The Australian dollar has finally turned things around after a nasty four-day slide. AUD/USD as much has 330 points during that time but is currently trading at 0.7149, up 0.37% on the day.
CPI higher than expected
Australian inflation continues to accelerate, with CPI in Q1 rising to 5.1% YoY, after a Q4 release of 3.5%. This easily beat the consensus of 4.6%, and is the highest since the GFC back in 2008. Inflation has been widely distributed, as seen in Core CPI, which climbed 3.7% (2.6% prior), above the forecast of 3.4%.
With inflation showing no signs of easing, it is a no-brainer that the RBA will have to step in and deliver a series of rate hikes to curb inflation. What isn’t as clear is the timing of a lift-off rate increase. The RBA meets next week, but with a federal election at the end of May, the RBA would prefer to avoid any major moves until after the election. The problem is that the central bank is under strong pressure on two fronts to raise rates – there is the inflation issue as well as the aggressive rate hikes we are seeing from other major central banks.
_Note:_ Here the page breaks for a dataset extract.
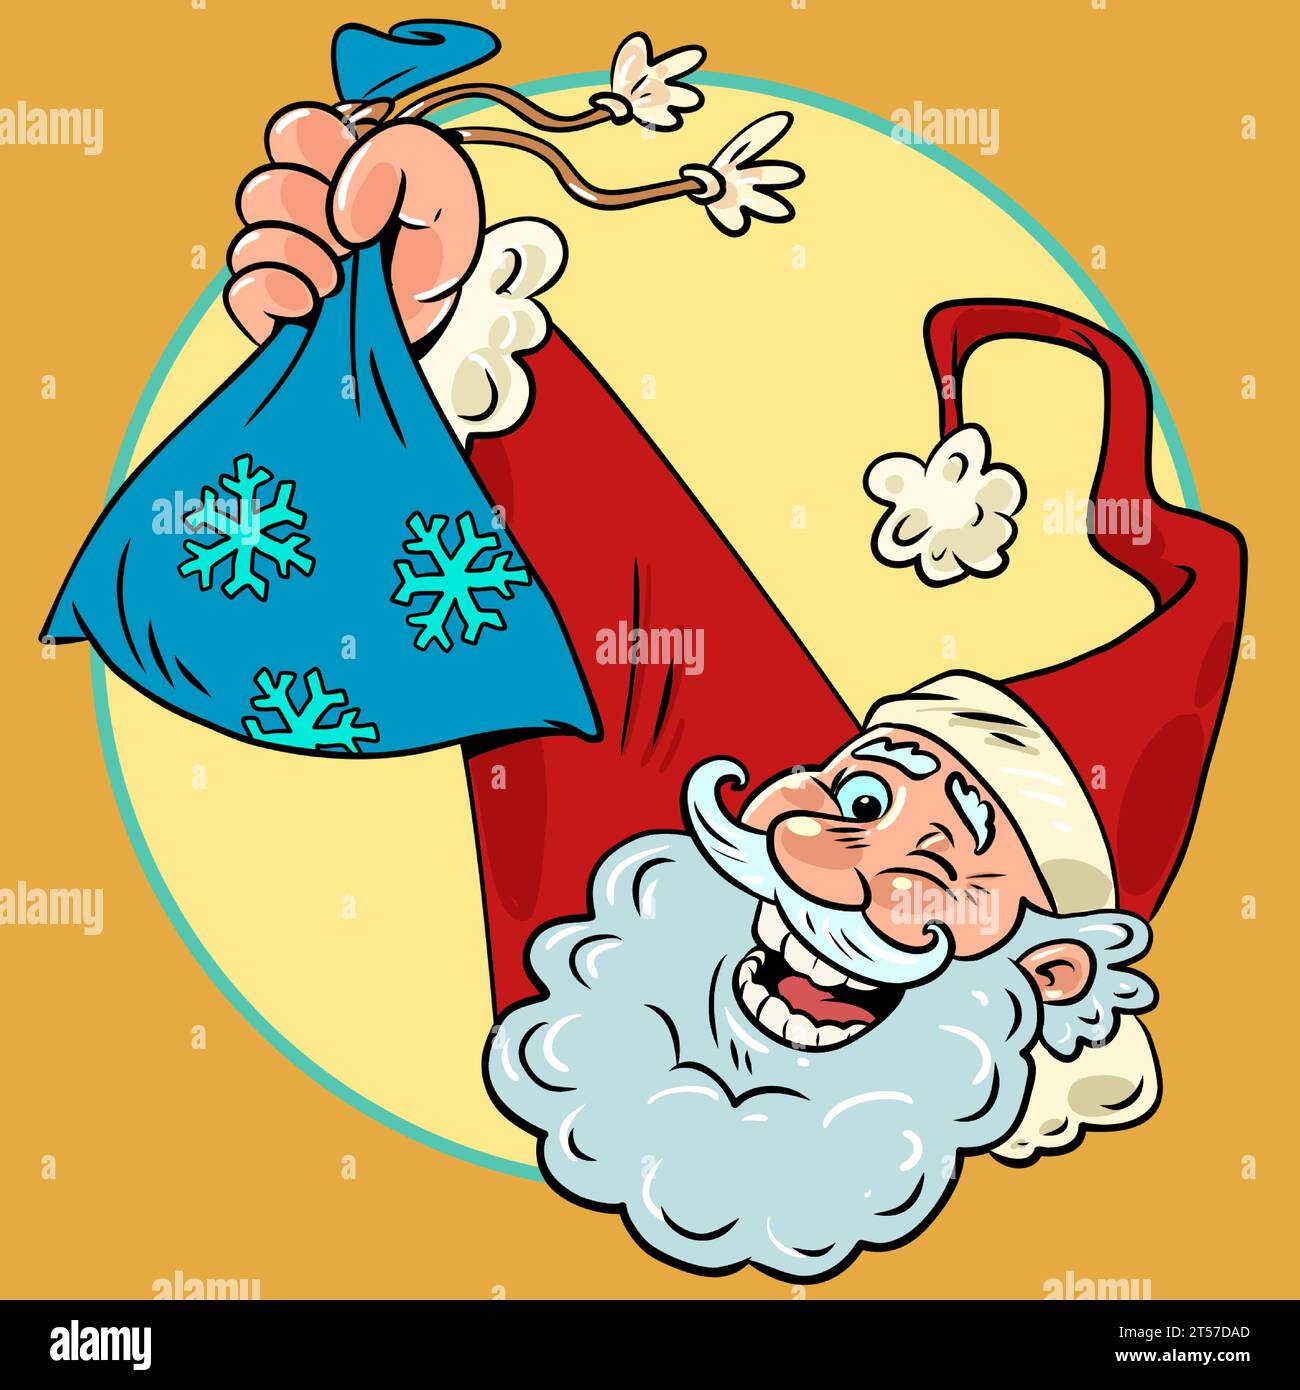 Geschenke für den saisonalen Feiertag. Rabatte für das kommende neue Jahr. Der weihnachtsmann hält eine Tasche in der Hand. Comic Comic Comic Pop Art Retro Vektor illu Stock Vektor

The Federal Reserve, for example, is widely expected to raise rates by 0.50% next week and could follow up with more such hikes, as it struggles to contain spiralling inflation. This means that the RBA could press the trigger at next week’s meeting. Whether the RBA makes a move in May or waits until June, an oversize hike of 0.40% looks increasingly likely.
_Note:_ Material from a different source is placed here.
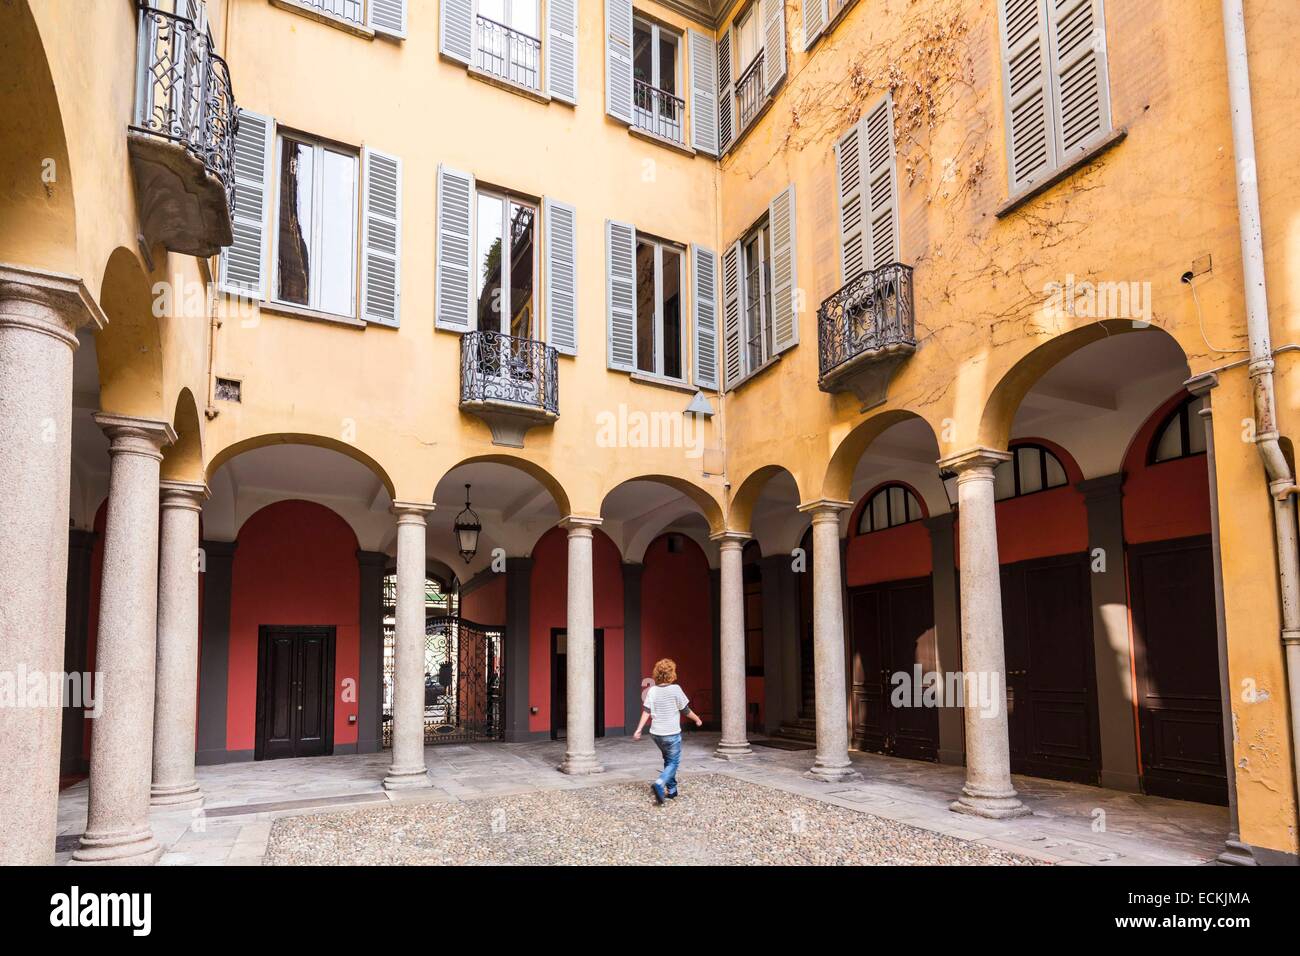 Italy, Lombardy, Milan, inner courtyard via Borgonuovo street Stock Photo

The strong inflation report appears to have cemented an imminent rate hike, which has given a much-needed boost to the Australian dollar. The Aussie is still trading close to 2-month lows, as a jump in risk apprehension as weighed on risk-sensitive currencies like the Aussie. China is experiencing sharp growth pains, exacerbated by the harsh zero-Covid policy which has dampened growth. This could disrupt supply chains and have an impact on the Australian economy.